SUPPLIED DATA START

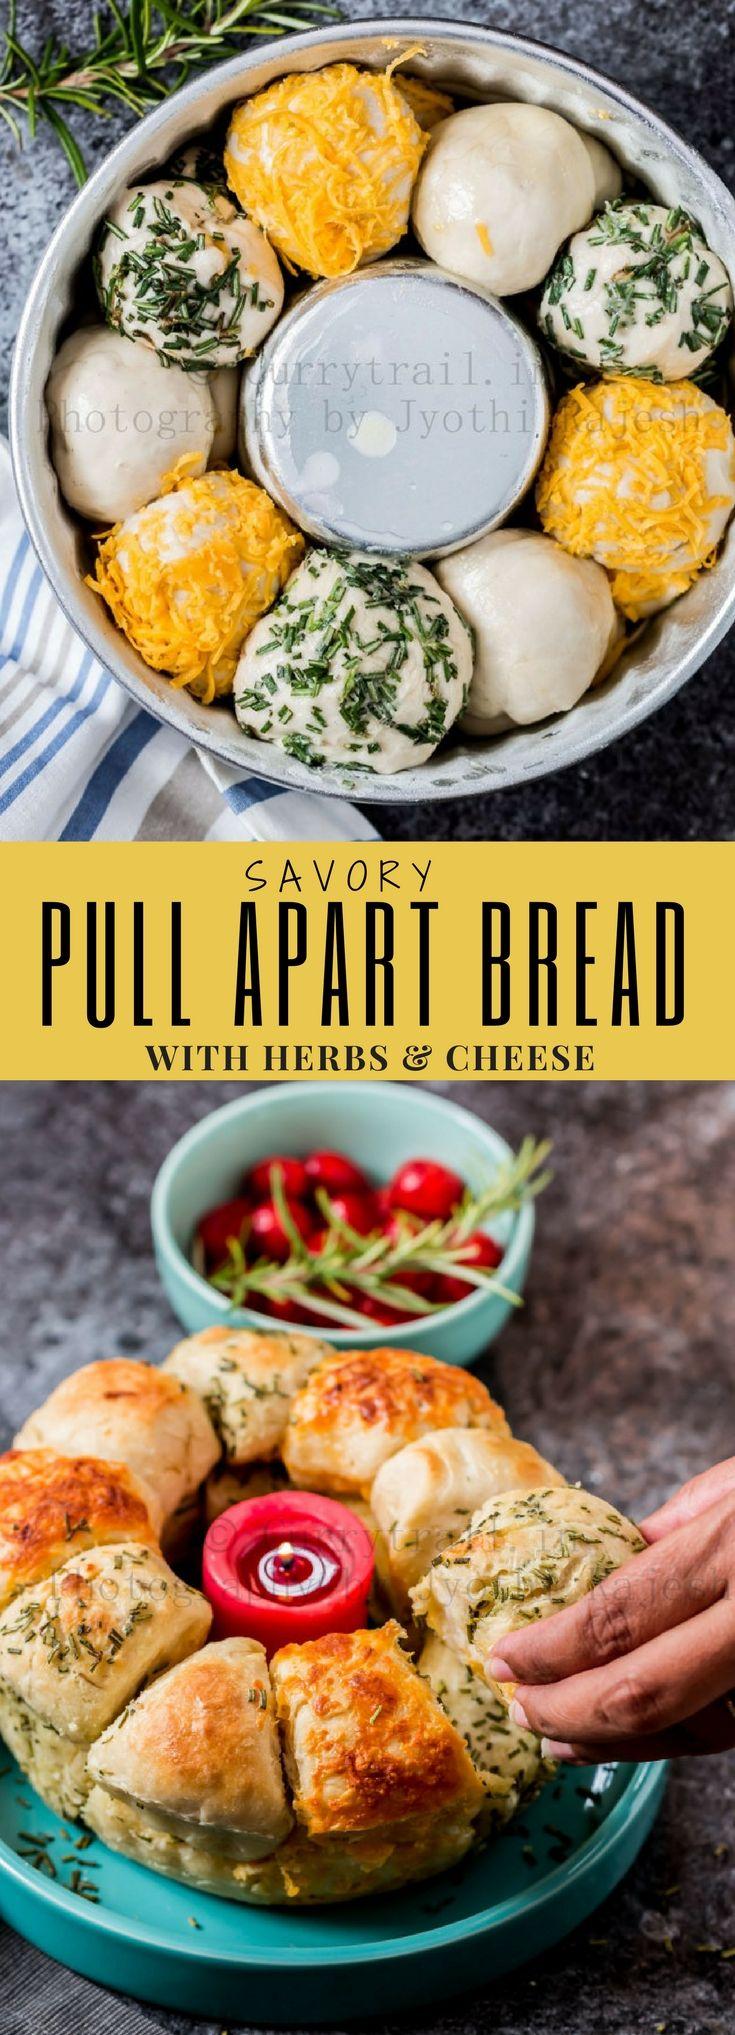 Cheesy Garlic and Herb Pull Apart Bread pin
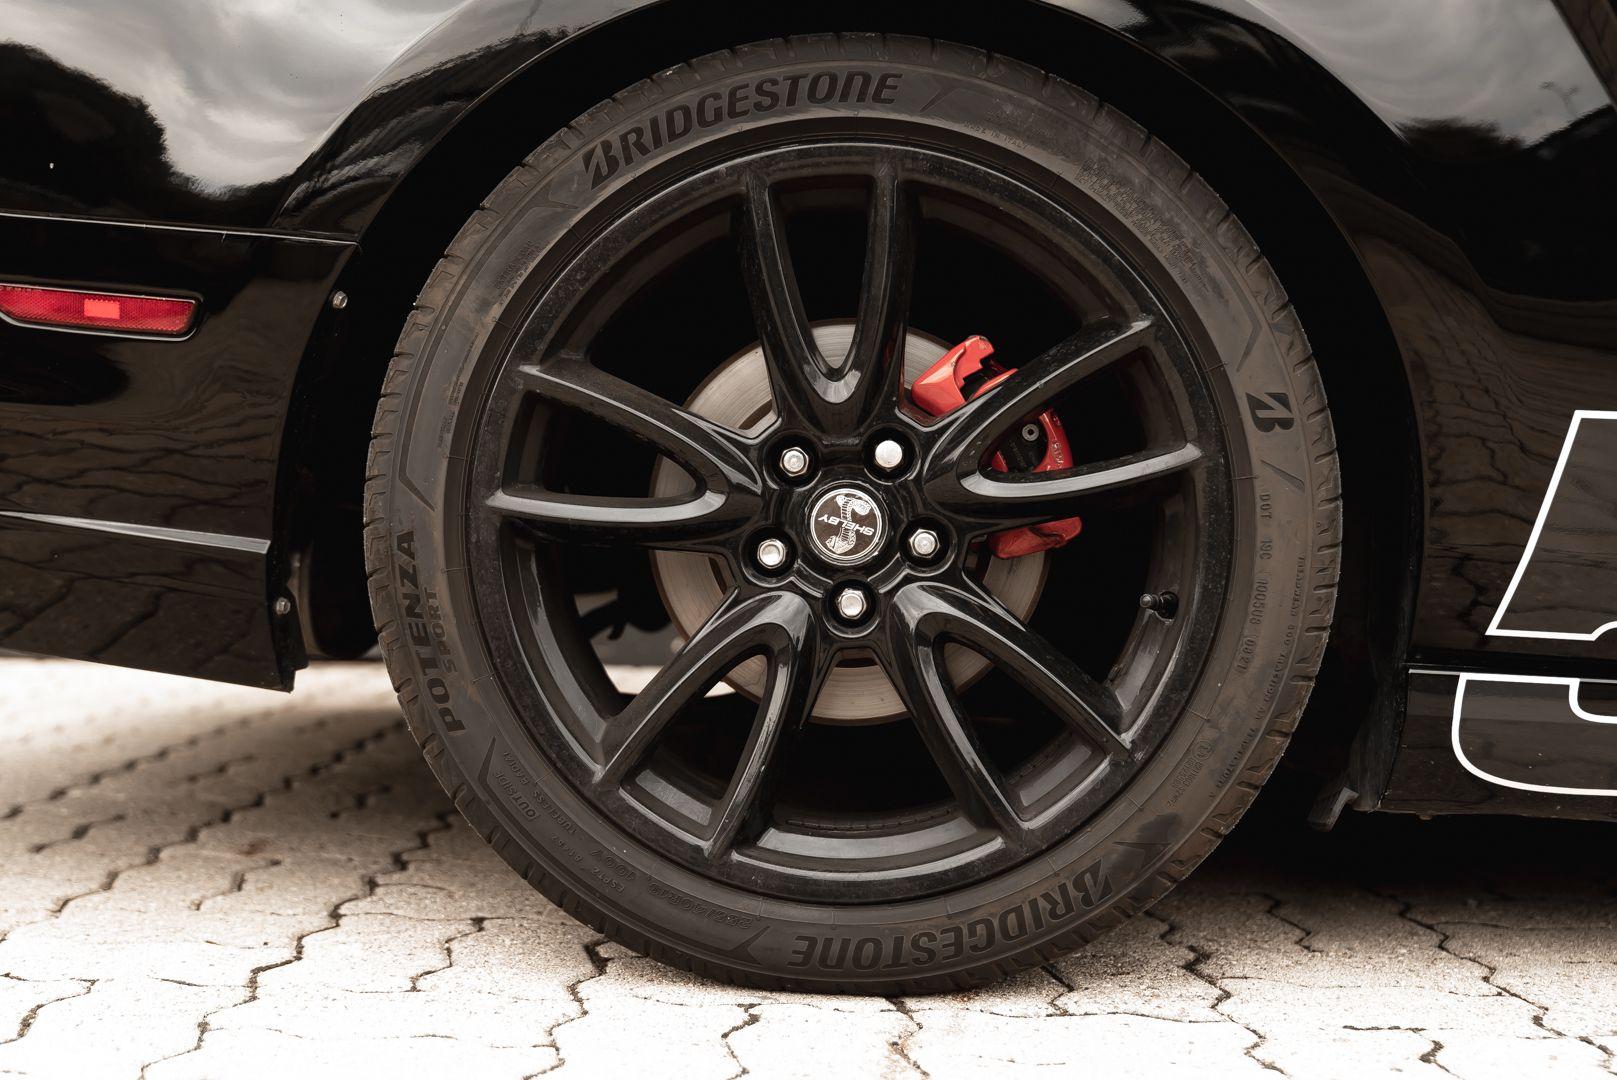 2012 Ford Mustang 5.0 V8 82066
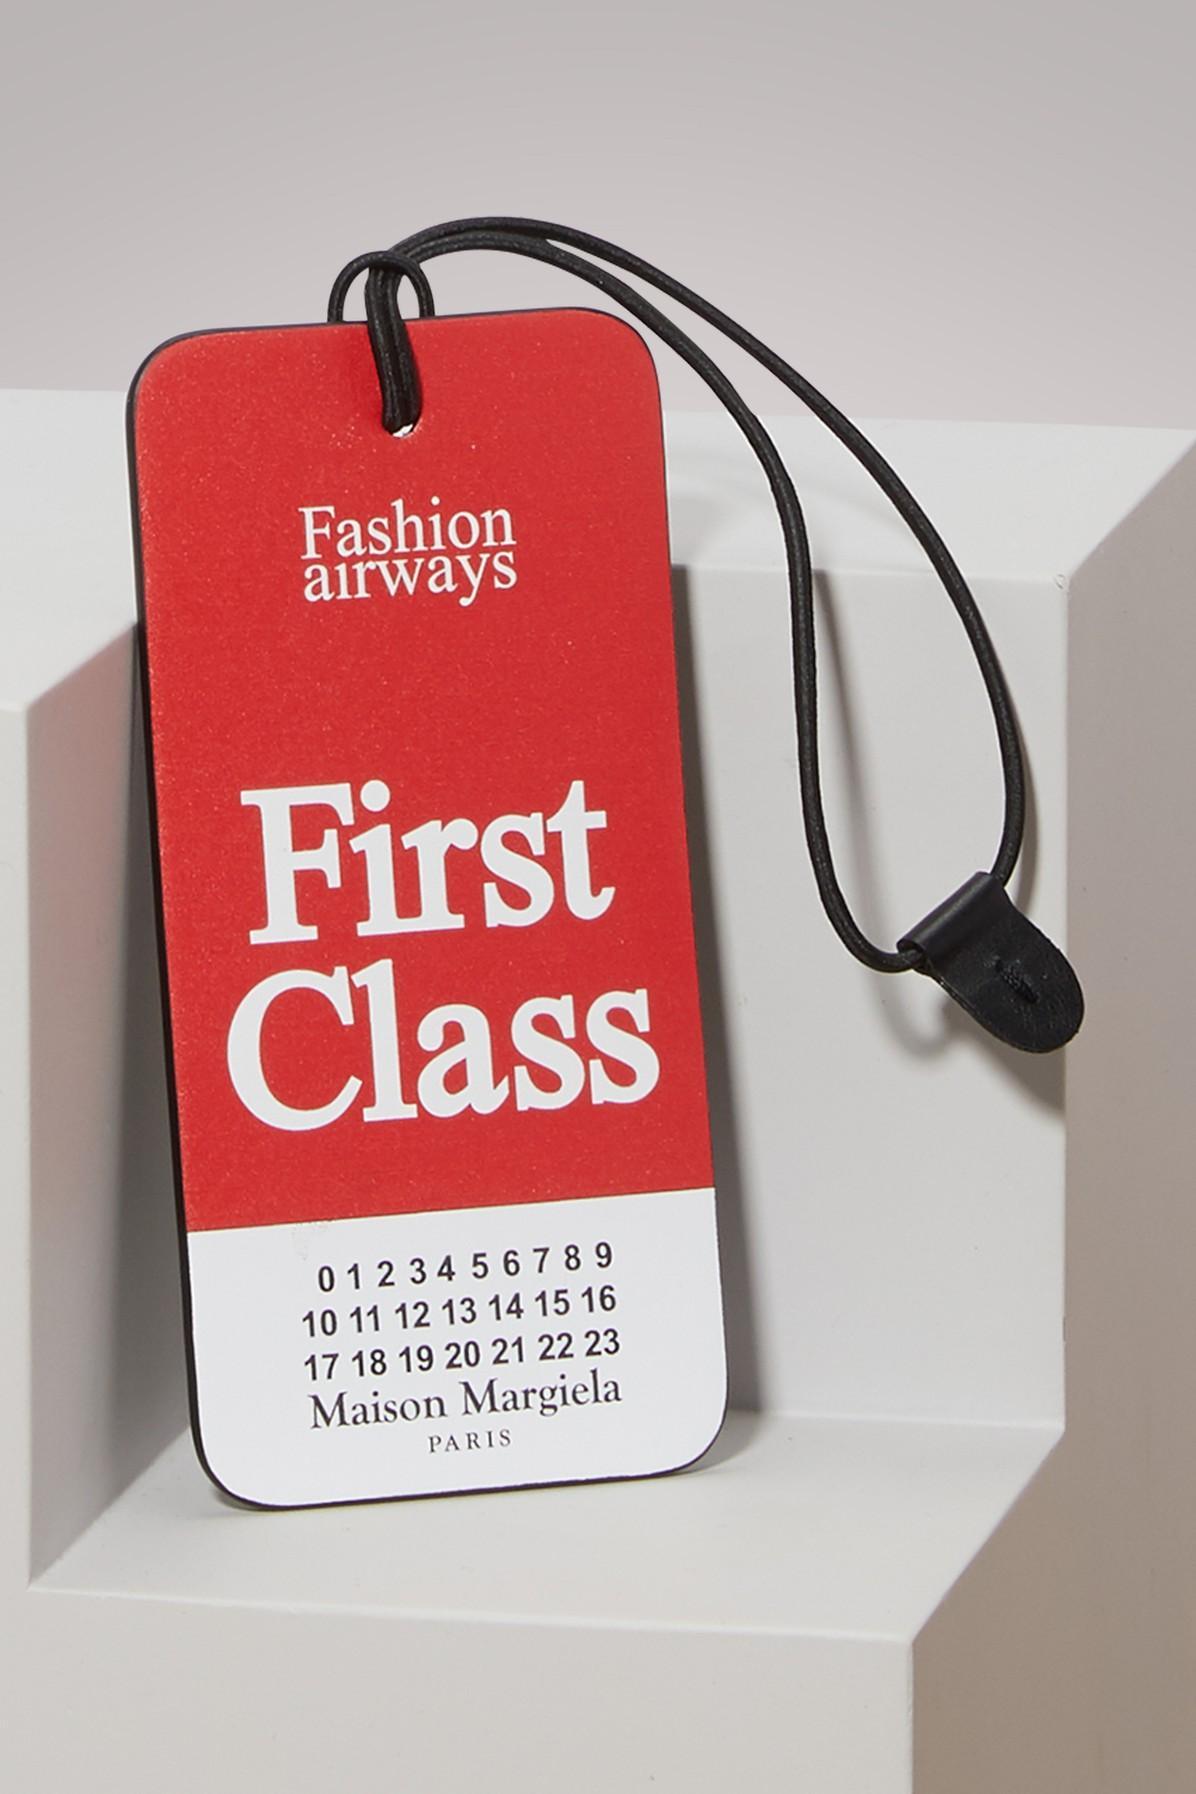 Maison Margiela First Class Tag

SUPPLIED DATA END

-- DIRECTIONS FOR THIS TASK --
Could you return the whole listing exactly, images excluded?

-- RESPONSE BOX --
 Cheesy Garlic and Herb Pull Apart Bread pin
 2012 Ford Mustang 5.0 V8 82066
 Maison Margiela First Class Tag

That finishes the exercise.